The yield on the 5.63 per cent bond maturing in 2026 rose as much as nine basis points to 5.85 per cent, while the 6.64 per cent 2035 bond yield climbed five basis points. The benchmark 10-year yield advanced six basis points to 6.15 per cent.
“The choice of illiquid papers has disappointed traders,” said Debendra Dash, head of fixed income at
in Mumbai. “Traders were hoping the RBI will include the 5-year paper,” in the purchase list as it had asked underwriters to buy that paper.
Underwriters had to rescue nearly the entire 110 billion rupees ($1.5 billion) of the 5-year bond at last week’s sale.
The announcement of a new 10-year bond, which is likely to have a higher coupon, compared to 5.85 per cent for the current benchmark, also damped sentiments, traders said.

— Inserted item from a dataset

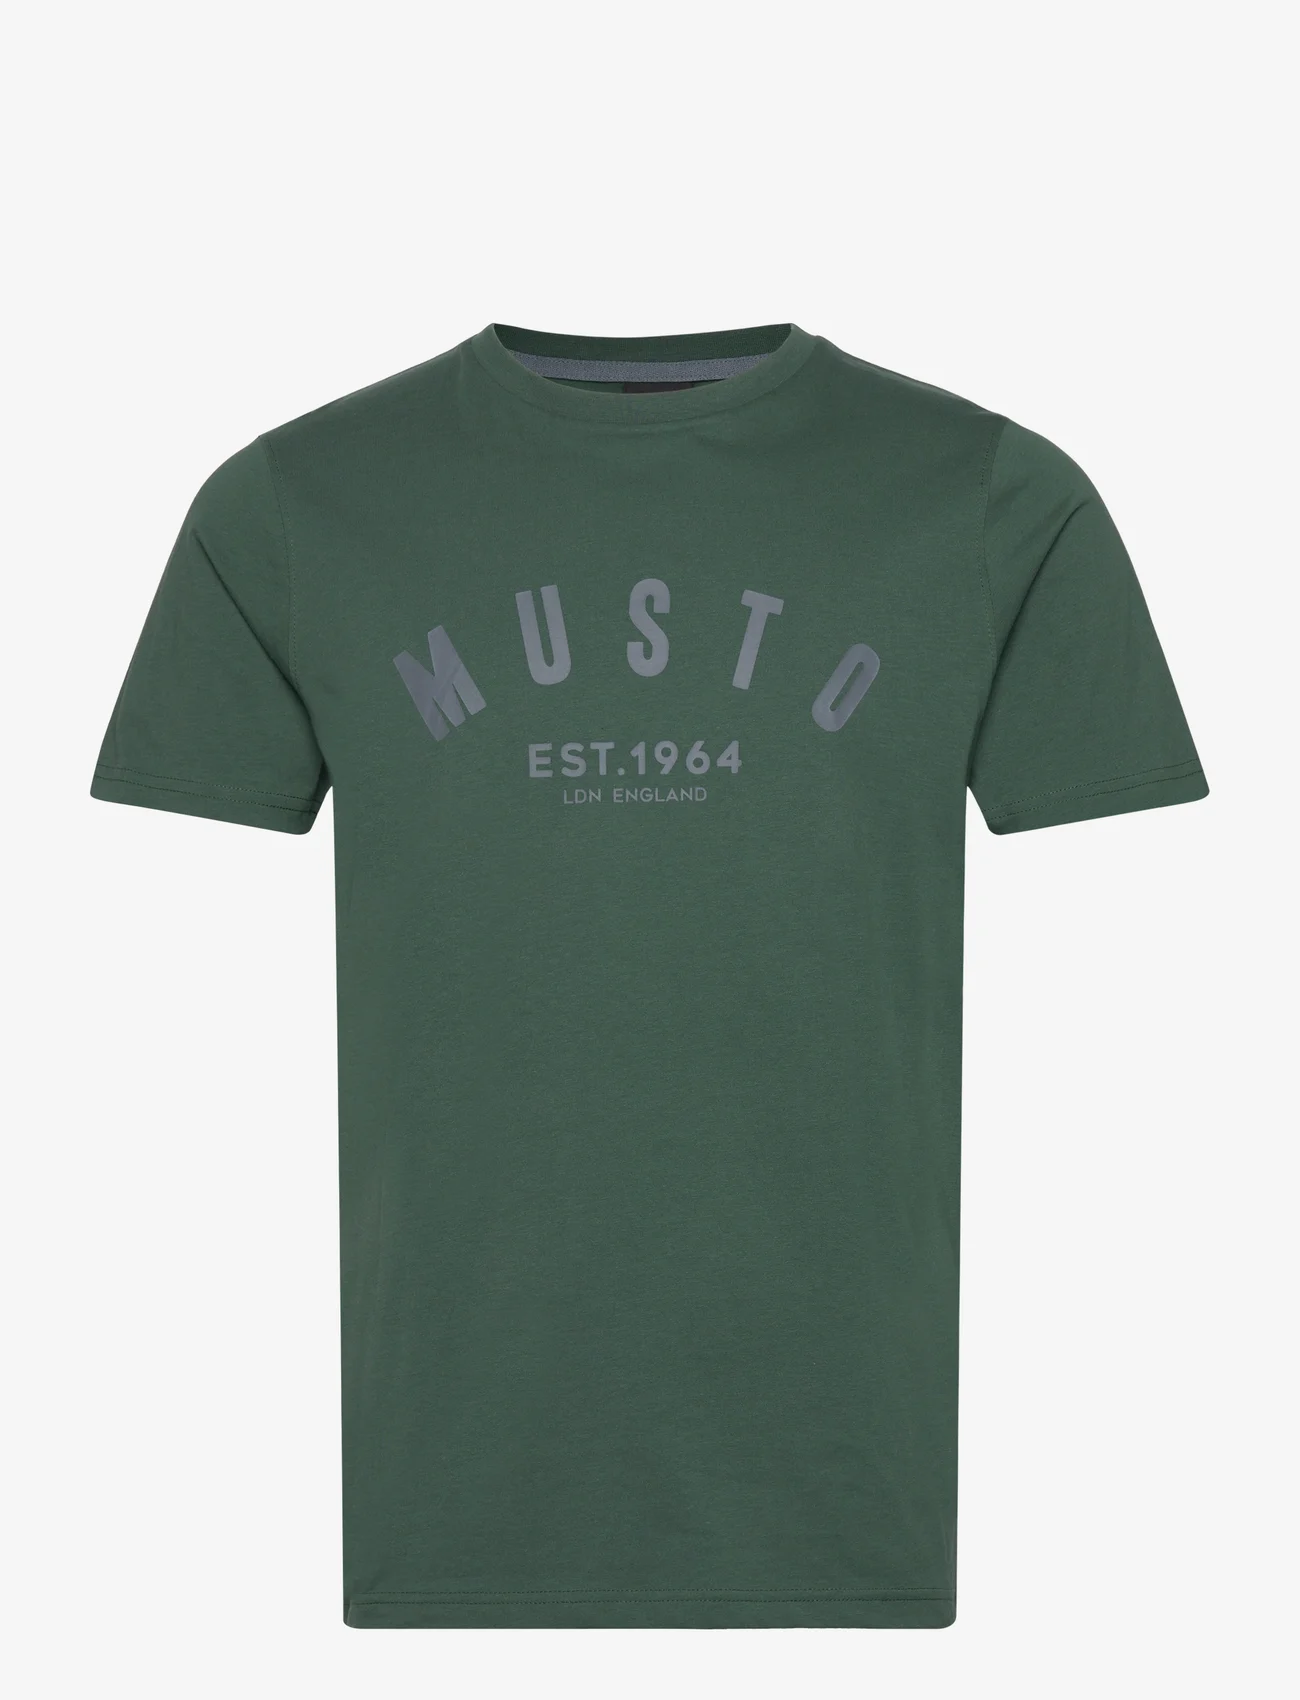 Musto - M MARINA MUSTO SS TEE - short-sleeved t-shirts - garden topiary - 0

The central bank said on Monday it would buy 200 billion rupees of bonds as part of its 1.2 trillion rupees purchase plan for the July-September quarter. But the choice of papers was likely to help banks book profits, leaving traders with devolved stocks of previous auctions, said traders, who didn’t want to be named, as they are not authorized to speak publicly.
The surge in crude, which gained further after OPEC+ ended days of talks without a deal to bring back more halted output next month, will further heighten inflation worries in India. Bond yields and swap rates have been rising on fears that the central bank will need to tighten its policy tone as early as August and bring ahead policy normalization.
“The rise in crude prices will put further upward pressure on yields ahead of the monetary policy,” said Arvind Chari, chief investment officer at Quantum Advisors Pvt.
The government will sell 260 billion rupees of bonds Friday, including 140 billion rupees of a new 10-year bond, it said after trading hours Monday.